Skriften på veggen ((The Writing on the Wall) Stefan Faldbakken, 2010)
Svarte får
((Black Sheep) Stephan Apelgren, 2011)
Dødens drabanter
((Consorts of Death) Stephan Apelgren, 2011)
I mørket er alle ulver grå
((At Night All Wolves Are Grey) Alexander Eik, 2011)
De døde har det godt
((The Dead Have It Easy) Erik Richter Strand, 2011)
Kalde hjerter
((Cold Hearts), Trond Espen Seim, 2012)

The first series left me with a degree of trepidation – would Hamre be back or has the series jumped the shark. The answer is – spoiler – he is back and so it was worth watching. The friendship gets closer, to the extent that I was expecting him to be written out. No spoilers here. But there is a growing sympathy, especially as Veum gets closer to a new girlfriend Karin (Lene Nystrøm), who appears in a different guise in the novels.

(This is a little throwing, given expectations of her story arc.)

Hamre also develops a concern for cats and is not above using Veum – he is not as dim as the private investigator thinks.

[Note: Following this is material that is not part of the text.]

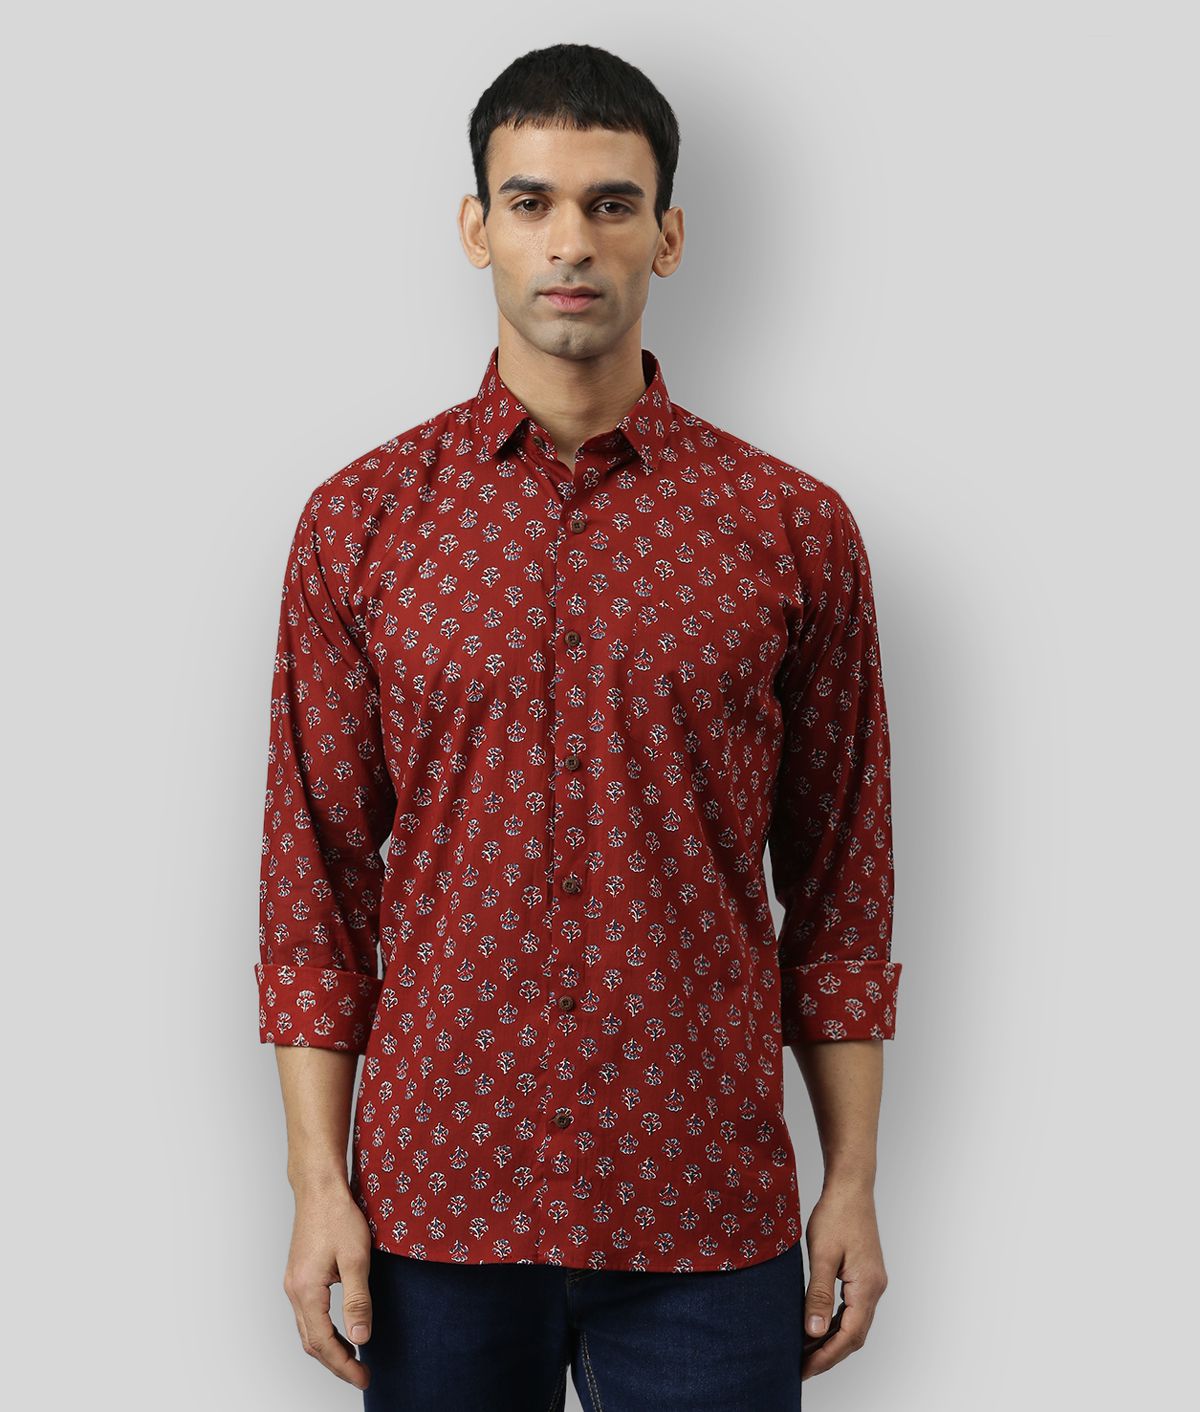     			Millennial Men - Maroon Cotton Regular Fit Men's Casual Shirt (Pack of 1 )

I’ve read four of the books adapted here and the story stories fixed up seem to fit within the format. Three of them are faithful enough to the sources – in my unreliable memory – but I mørket er alle ulver grå seems a rather different beast, with an old friend of Veum’s, who had been in the military in Afghanistan apparently killed in a bomb he has set off in an arms factory. This episode has rather obviously gained a budget – the opening skiing scenes are extraordinary even on a small scale and the final act takes place in Budapest. My only puzzle is whether enough of the original novel survives to justify the title. The other annoyance is a street chase from Veum’s relocated office around the Nordres area, which ends up at the Fløibanen, on the far side of the havn. I suspect it owes a little to Morse’s dubious Oxford (and don’t get me started on Sherlock’s trip from Baker Street to somewhere near Tate Britain via the Mall (both directions) and the Waterloo area).

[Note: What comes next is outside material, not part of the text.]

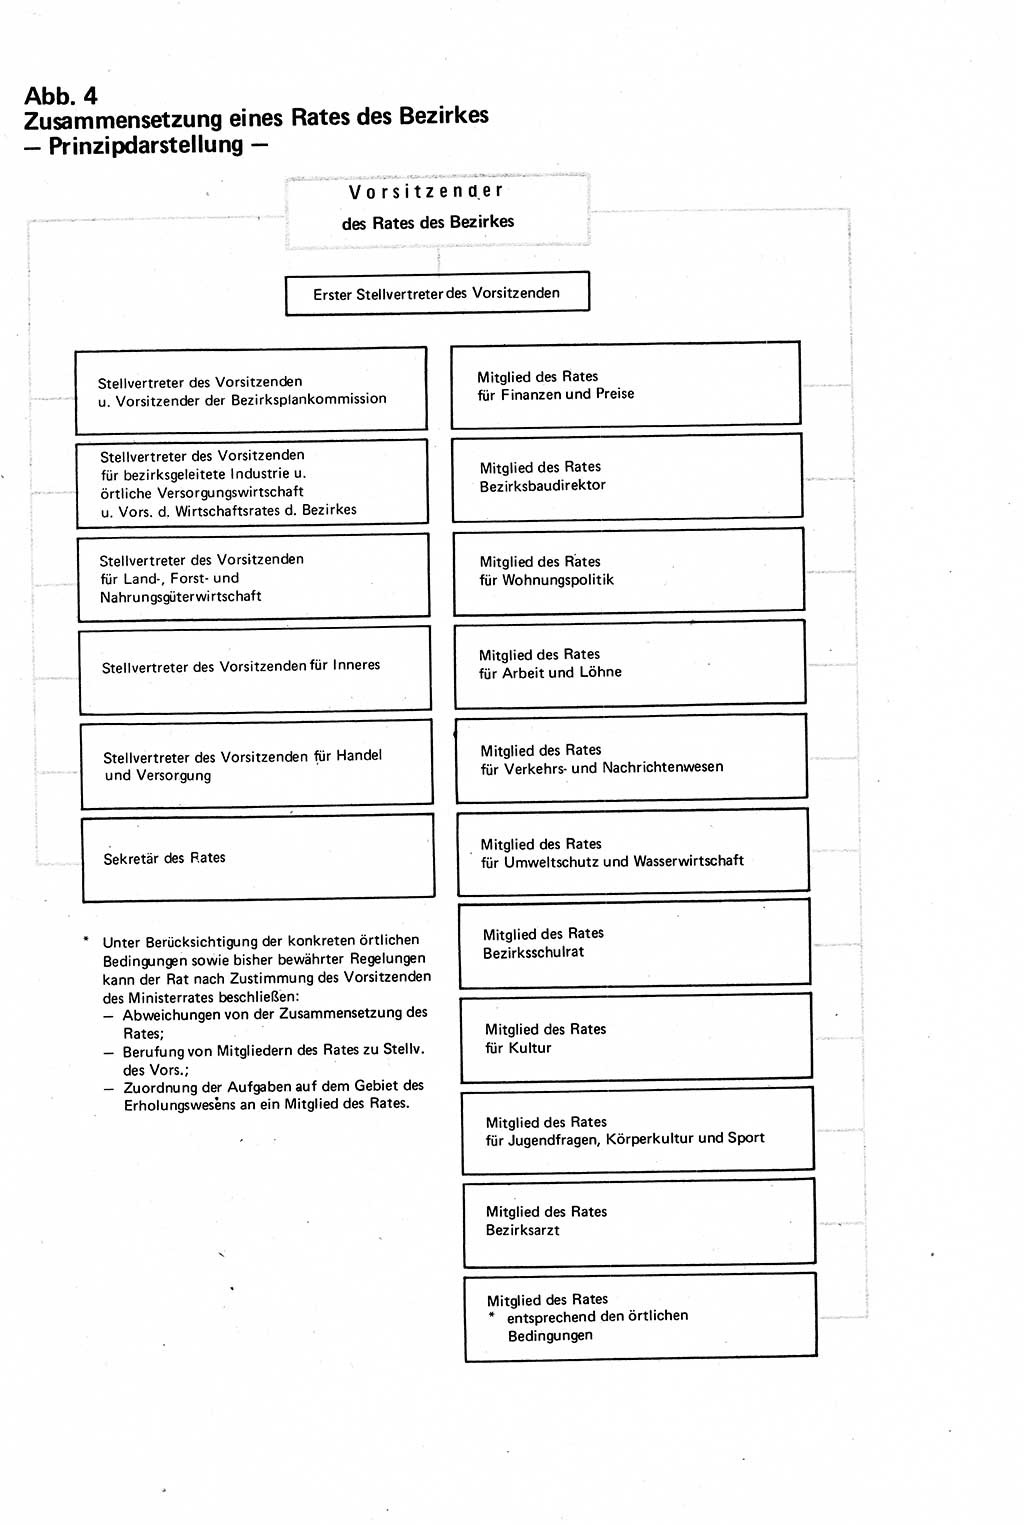 Verwaltungsrecht [Deutsche Demokratische Republik (DDR)], Lehrbuch 1979, Seite 133 (Verw.-R. DDR Lb. 1979, S. 133)

Whilst the first series had its political moments – a corrupt leadership election – real world issues are foregrounded here, with Veum’s social work background and Karin’s work with immigrants sparking narratives. Corruption is at the heart of some of Bergen’s civic bodies, within a military organisation, within the police, within forensics, and perhaps the stakes are raised. Karin’s desire to move to a house with a metaphor white picket fence stacks up jeopardy and it seems unlikely their relationship will survive his refusal to entirely move on from his profession.

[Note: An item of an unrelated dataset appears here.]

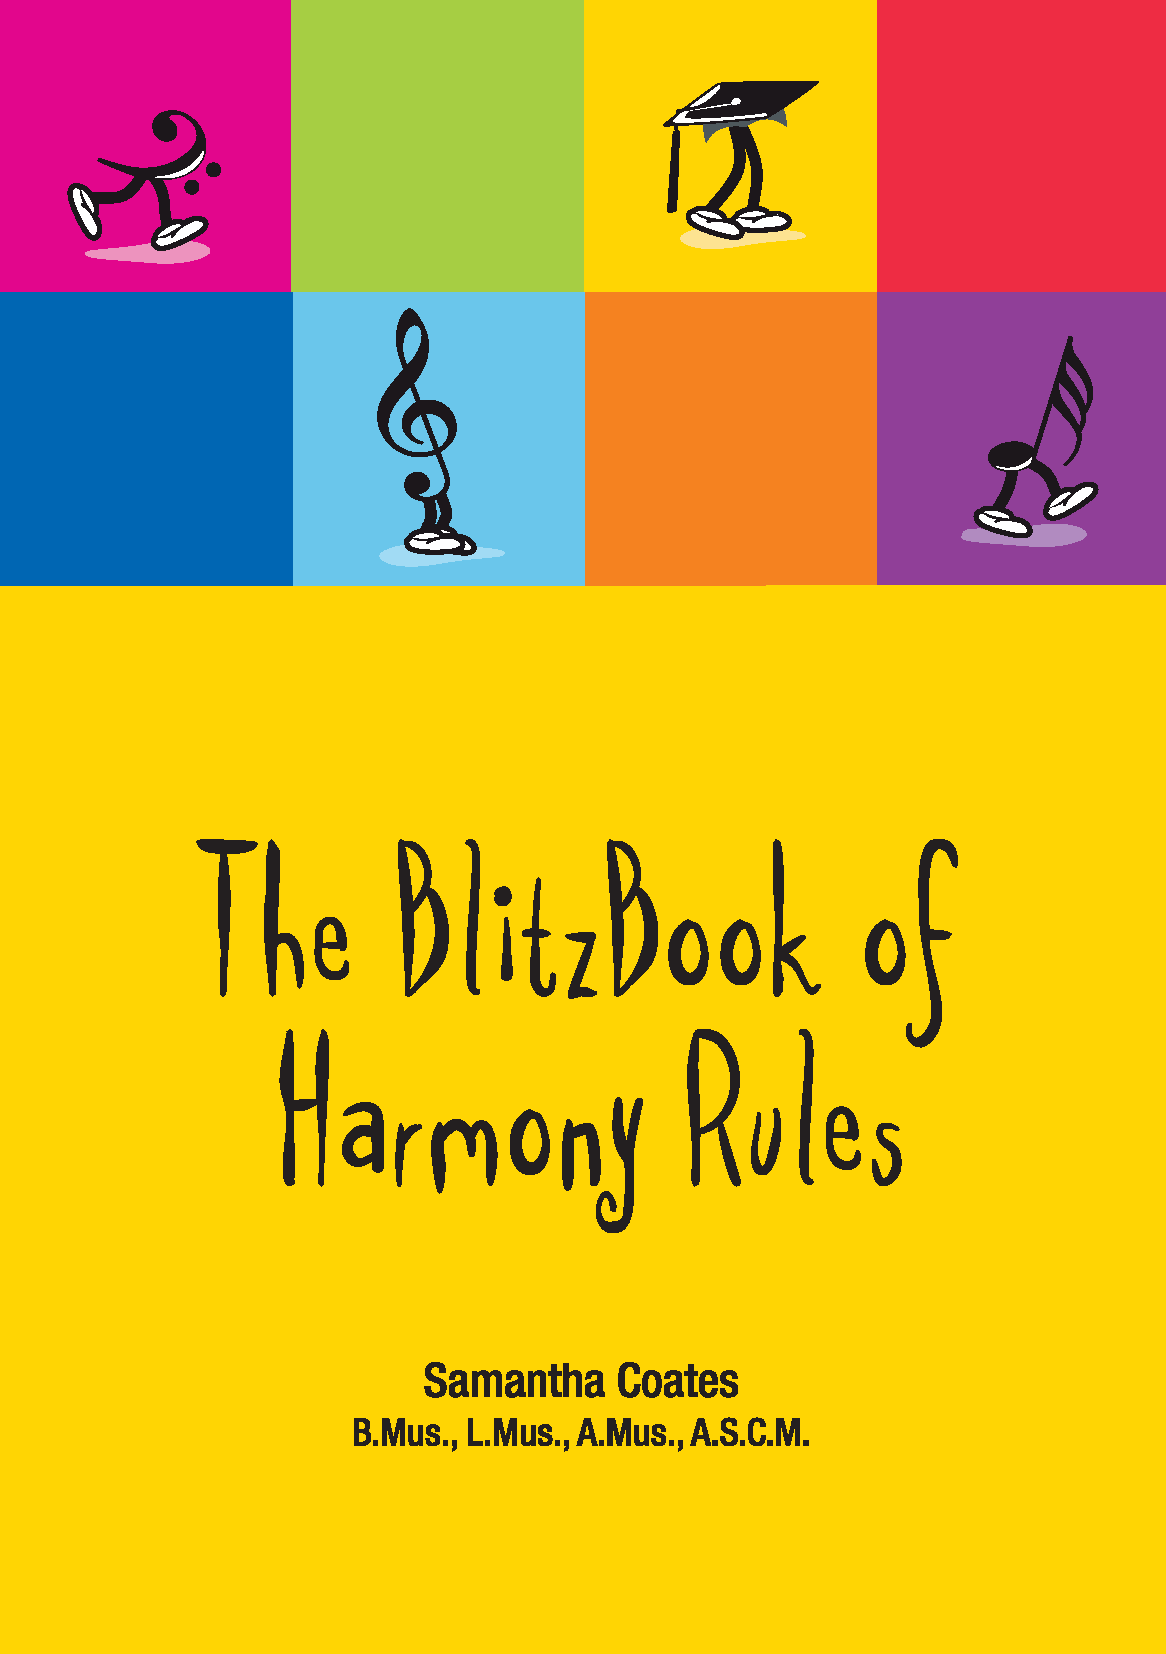 Harmony Rules

Seim self directs the final episode to date and indeed, at this distance, I doubt they will go back. The direction is a little flashier, although earlier episodes edge toward some of the jumpcuts of Borgen and play with handheld. He has some nice tracking shots and uses mirrors, and is not afraid to underlight (which means we miss some nastiness and I had to go back to see if I could work out the fate of one of the characters). He also uses a bit of point of view shooting, but this is not consistent.

I will miss the Veum and Hamre sparring, but the plotting here was very sharp and not wanting to tie everything up with a bow.

The question is, will anyone film the rest of the novels?